From d09591d92e243c496f6d5021c77c87fece647a97 Mon Sep 17 00:00:00 2001
From: "Roger A. Light" <roger@atchoo.org>
Date: Tue, 31 Aug 2021 15:59:40 +0100
Subject: [PATCH] Fix reconnecting in some cases when using
 MOSQ_OPT_TLS_USE_OS_CERTS.

Fix reconnecting failing when MOSQ_OPT_TLS_USE_OS_CERTS was in use, but none
of capath, cafile, psk, nor MOSQ_OPT_SSL_CTX were set, and
MOSQ_OPT_SSL_CTX_WITH_DEFAULTS was set to the default value of true.

Closes #2288. Thanks to Poltorak Serguei.
---
 ChangeLog.txt            | 4 ++++
 lib/mosquitto_internal.h | 3 +++
 lib/net_mosq.c           | 9 ++++++---
 lib/options.c            | 8 ++++----
 4 files changed, 17 insertions(+), 7 deletions(-)

diff --git a/ChangeLog.txt b/ChangeLog.txt
index 3889adcd..3ce349ad 100644
--- a/ChangeLog.txt
+++ b/ChangeLog.txt
@@ -52,6 +52,10 @@ Client library:
 - Threaded mode is deconfigured when the mosquitto_loop_start() thread ends,
   which allows mosquitto_loop_start() to be called again.

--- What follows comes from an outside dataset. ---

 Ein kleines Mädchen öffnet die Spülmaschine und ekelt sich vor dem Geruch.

Closes #2242.
 - Fix MOSQ_OPT_SSL_CTX not being able to be set to NULL. Closes #2289.
+- Fix reconnecting failing when MOSQ_OPT_TLS_USE_OS_CERTS was in use, but none
+  of capath, cafile, psk, nor MOSQ_OPT_SSL_CTX were set, and
+  MOSQ_OPT_SSL_CTX_WITH_DEFAULTS was set to the default value of true.
+  Closes #2288.
 
 Apps:
 - Fix `mosquitto_ctrl dynsec setDefaultACLAccess` command not working.

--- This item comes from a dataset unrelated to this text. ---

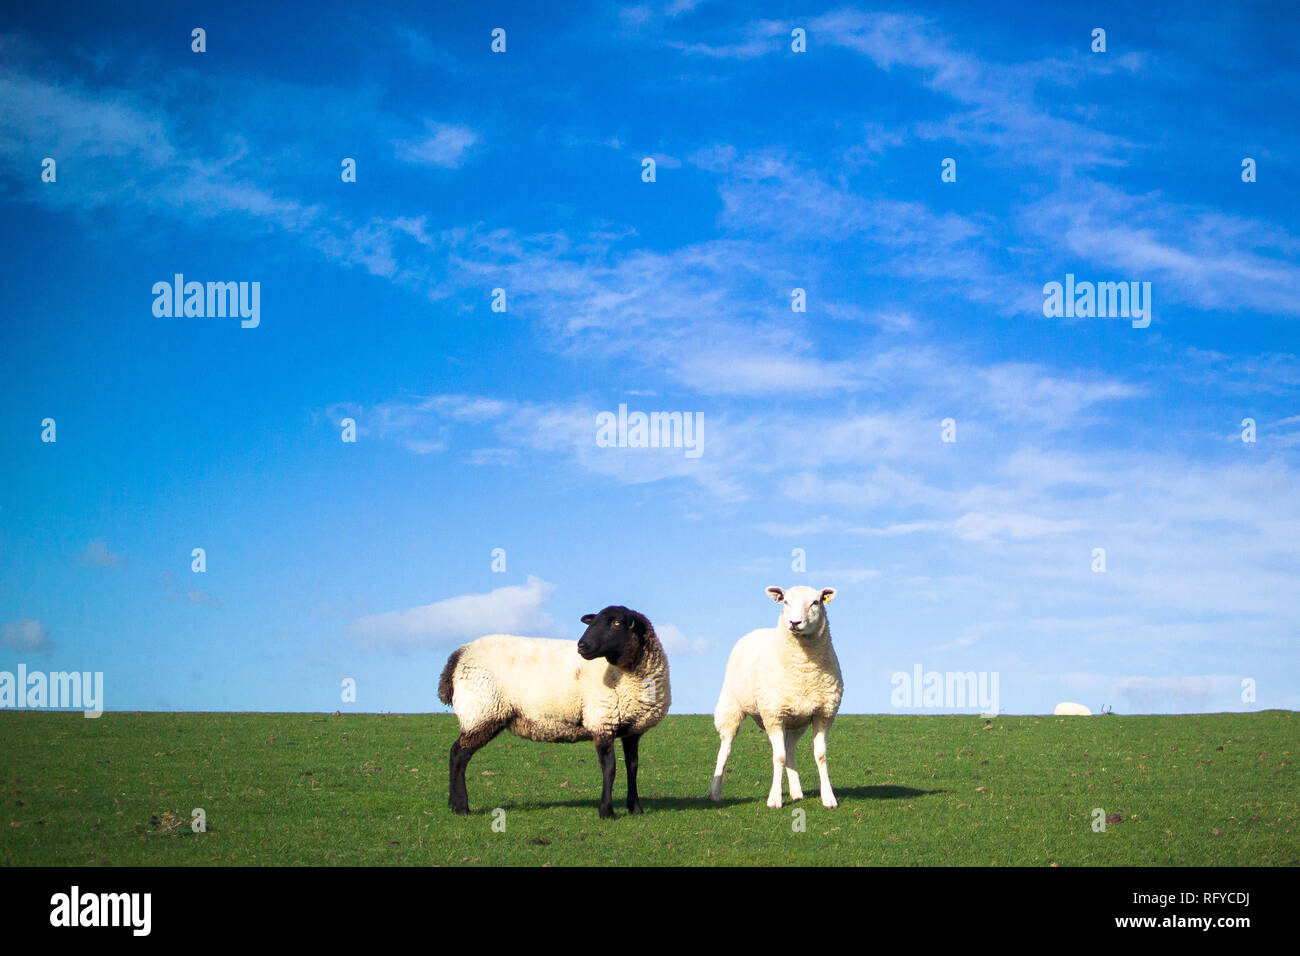 Deux moutons, une avec la face noire et les jambes, l'autre avec un visage blanc et les jambes sur le monticule herbeux journée ensoleillée. Beaucoup de ciel bleu. Banque D'Images

diff --git a/lib/mosquitto_internal.h b/lib/mosquitto_internal.h
index 64468a39..e7880b31 100644
--- a/lib/mosquitto_internal.h
+++ b/lib/mosquitto_internal.h
@@ -243,6 +243,9 @@ struct mosquitto {
 #ifdef WITH_TLS
 	SSL *ssl;
 	SSL_CTX *ssl_ctx;
+#ifndef WITH_BROKER
+	SSL_CTX *user_ssl_ctx;
+#endif
 	char *tls_cafile;
 	char *tls_capath;
 	char *tls_certfile;
diff --git a/lib/net_mosq.c b/lib/net_mosq.c
index ce1bda71..bd927191 100644
--- a/lib/net_mosq.c
+++ b/lib/net_mosq.c
@@ -668,15 +668,18 @@ static int net__init_ssl_ctx(struct mosquitto *mosq)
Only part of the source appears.